Co-infections between pathogen pairs were shown to have an impact on the haematological profile of infected calves. Clinically, the impact on haematological parameters holds several implications for the host. Firstly, concomitant infections can complicate the clinical presentation, and thus diagnosis of disease. The animal might present with clinical symptoms that cannot be explained by the disease that was diagnosed. Co-infections could lead to a missed diagnosis when, in the case of concomitant infections with pathogens that present with similar clinical signs, the diagnosis was solely based on clinical presentation. Such a host might not respond to treatment as expected and this should prompt the investigator to consider further diagnostic procedures.

Co-infection between pathogens also affects the prognosis of a disease state. Even if the contribution of the pathogen in itself was clinically insignificant, the cumulative effect of the various co-infecting pathogens could potentially shift the host from a state of apparent health into a state of clinical disease. Immunosuppression caused by certain pathogens, such as Trypanosoma spp. or T. parva, or immune-modulation, as has been described in helminth infections (Maizels and Yazdanbakhsh, 2003), could undermine the host's response against other pathogens which in turn increase the host's susceptibility to infection or impede its ability to resolve such an infection. Premune latent carrier animals have been reported to develop clinical anaplasmosis after super-infection with T. vivax and Trypanosoma congolense (Magona and Mayende, 2002).

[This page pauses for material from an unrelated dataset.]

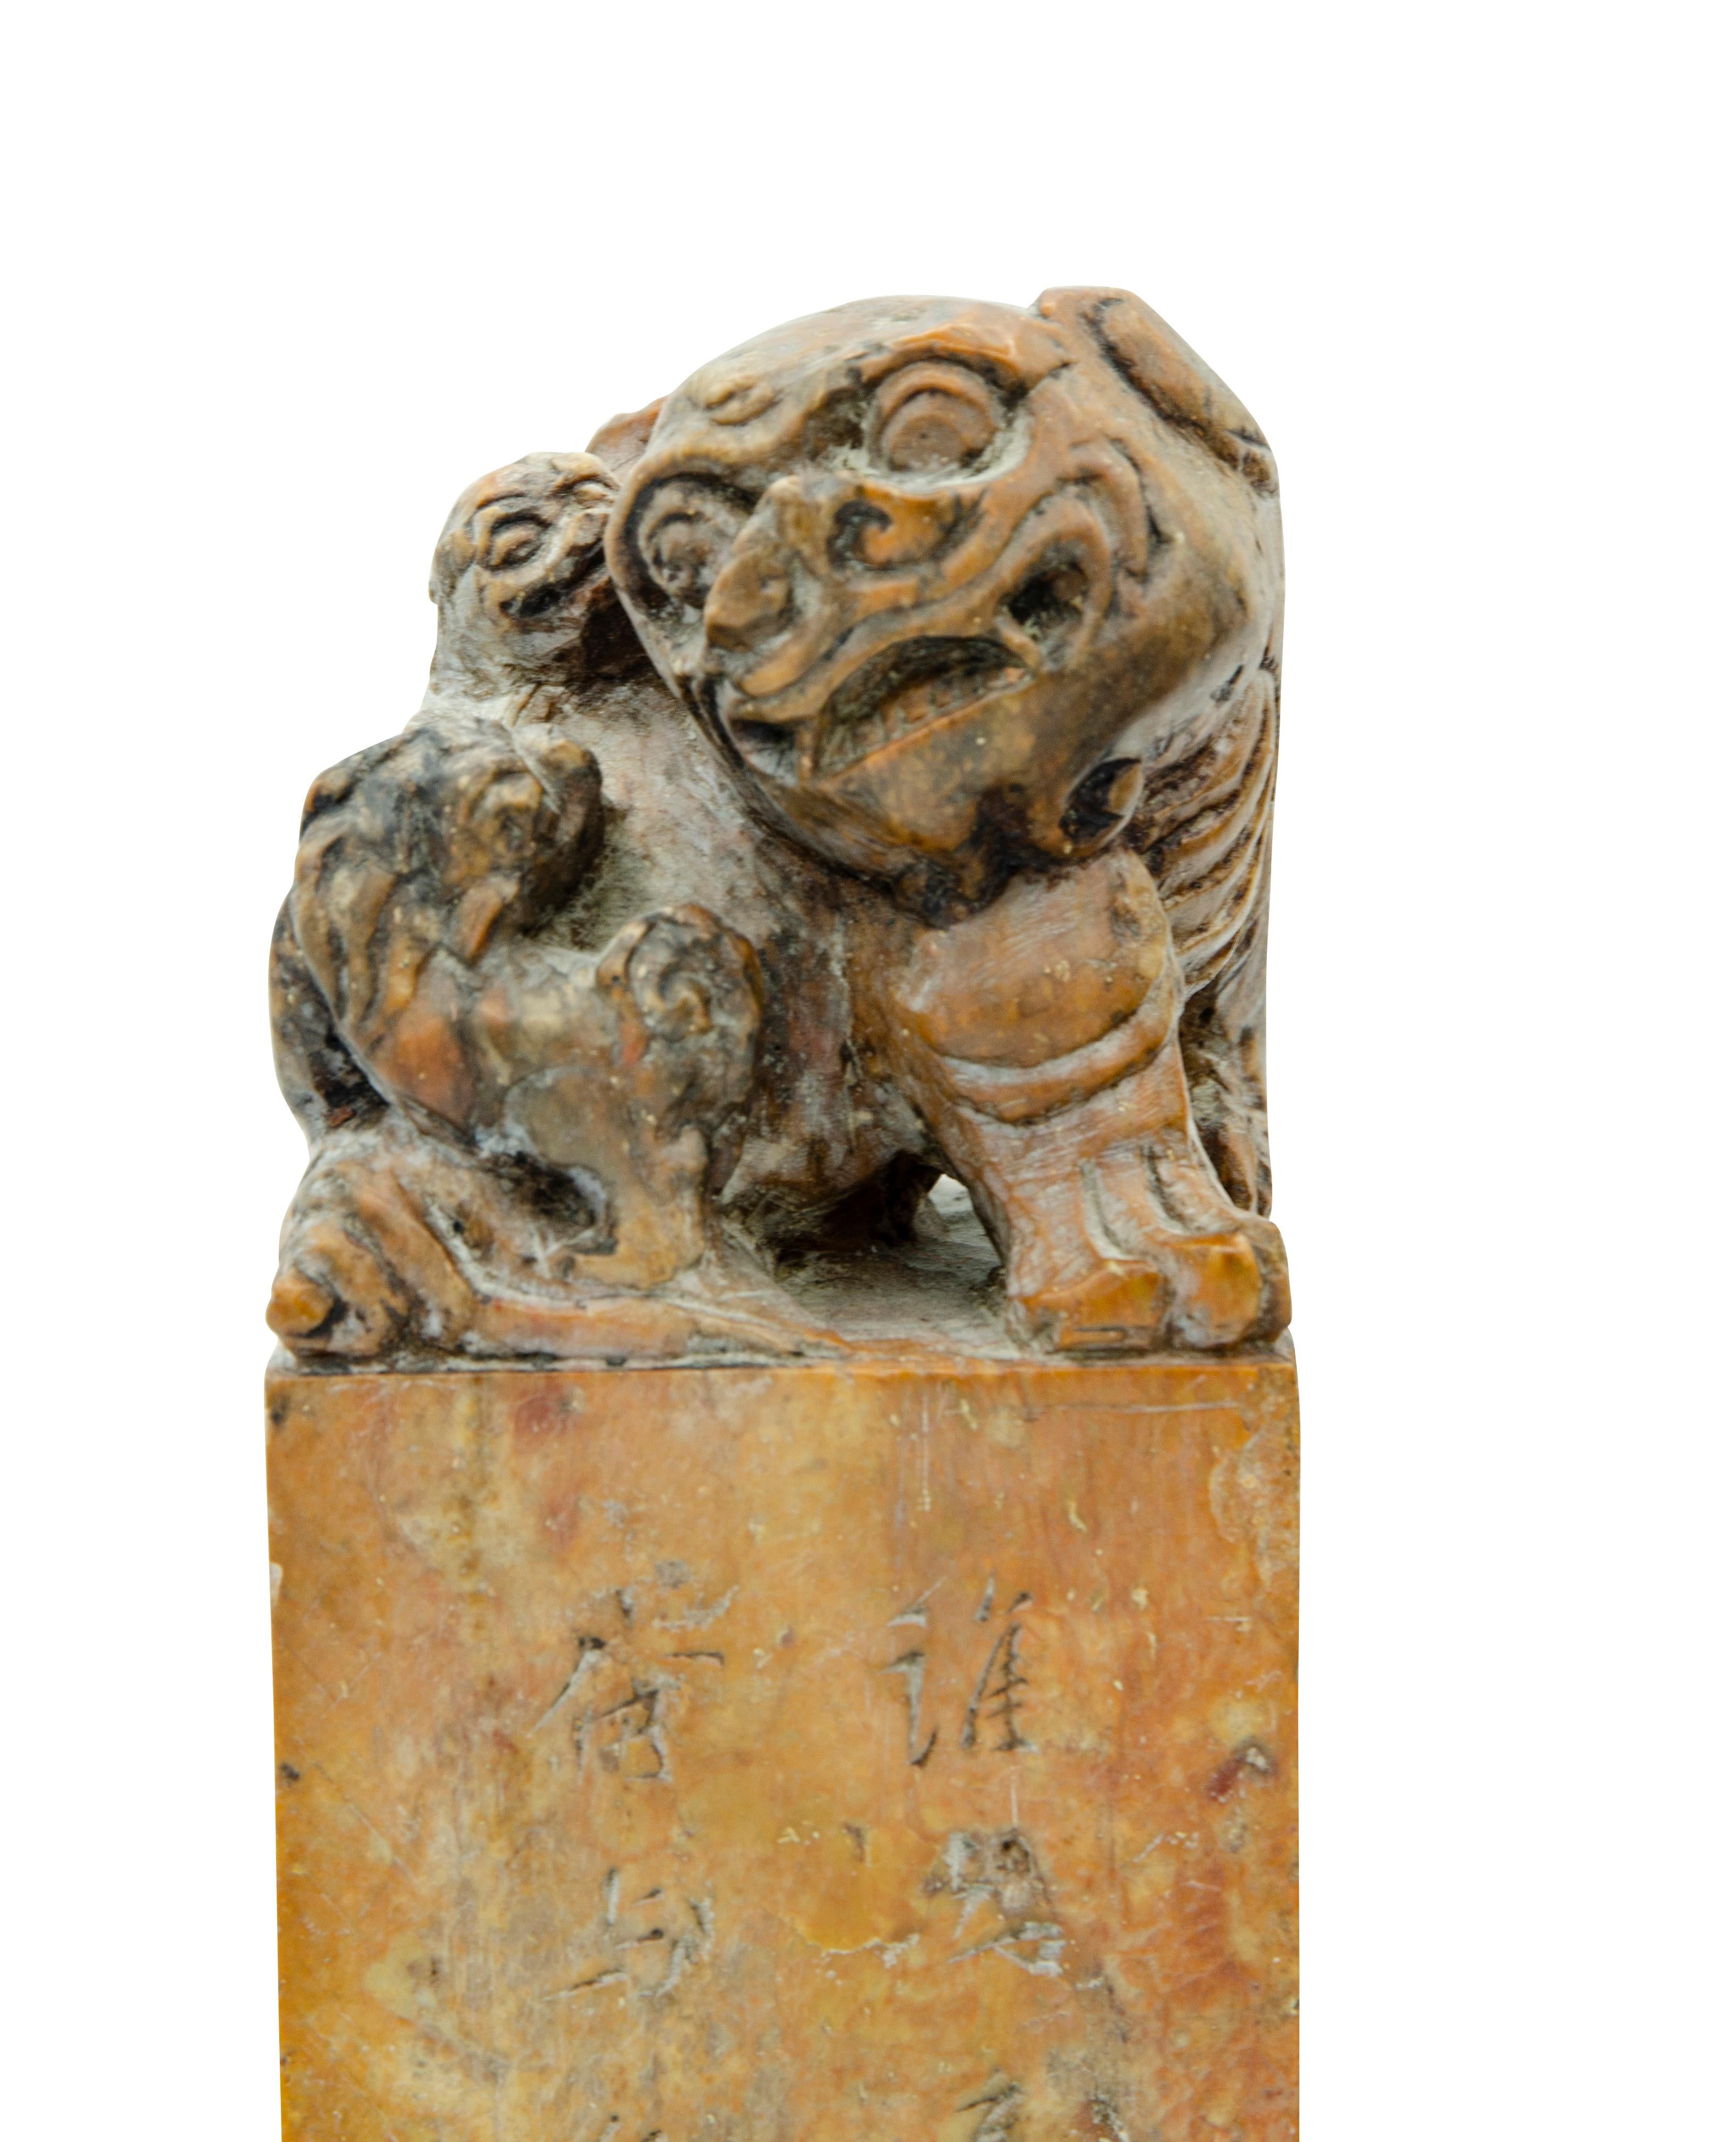 With foo dog carved finials.

Interactions between pathogens are not limited to pairs of pathogens, and to get a complete understanding of disease processes one would have to consider the whole pathogen neighbourhood of the host as well as additional pathogen-, host- and environmental-related factors. There were many more pathogens circulating in the population, e.g. viral and bacterial diseases that were not taken into consideration in the analysis, but probably affected the haematological profile of these calves. There are several pathogen-related factors that dictate the pathogenicity of the infection and thus the clinical presentation in the host, including infectious load, pathogen strain, and virulence types within strains, which were not investigated either. Several inherent characteristic of the hosts themselves, such as breed and age, would also determine the susceptibility of the animal to infection, whereas other acquired attributes such as maternal antibody, premunity due to prior infection, or nutritional state could have altered the animals’ ability to respond to infection and therefore their haematological response.

The East African Short-horn Zebu breed is well-adapted to the environmental challenges and infectious burdens it faces under field conditions (Perry and Young, 1995). They survive under conditions where other breeds, such as improved European cattle breeds, do not. Despite the adaptive traits and the tolerance of this indigenous breed to the endemic pathogens, infectious disease remains a major cause of production losses in livestock in East Africa (Uilenberg, 1995). It is evident that interactions between concomitant pathogens complicates the clinical outcome of infected calves and should be taken into consideration in any disease management programme. One should bear in mind, however, that there is a fine balance in the stability of the relationship between pathogens, vectors and hosts. Preventive intervention against one pathogen might compromise the endemic stability of other pathogens, which in turn can result in an endemically unstable situation where even the most tolerant livestock breeds will succumb to disease.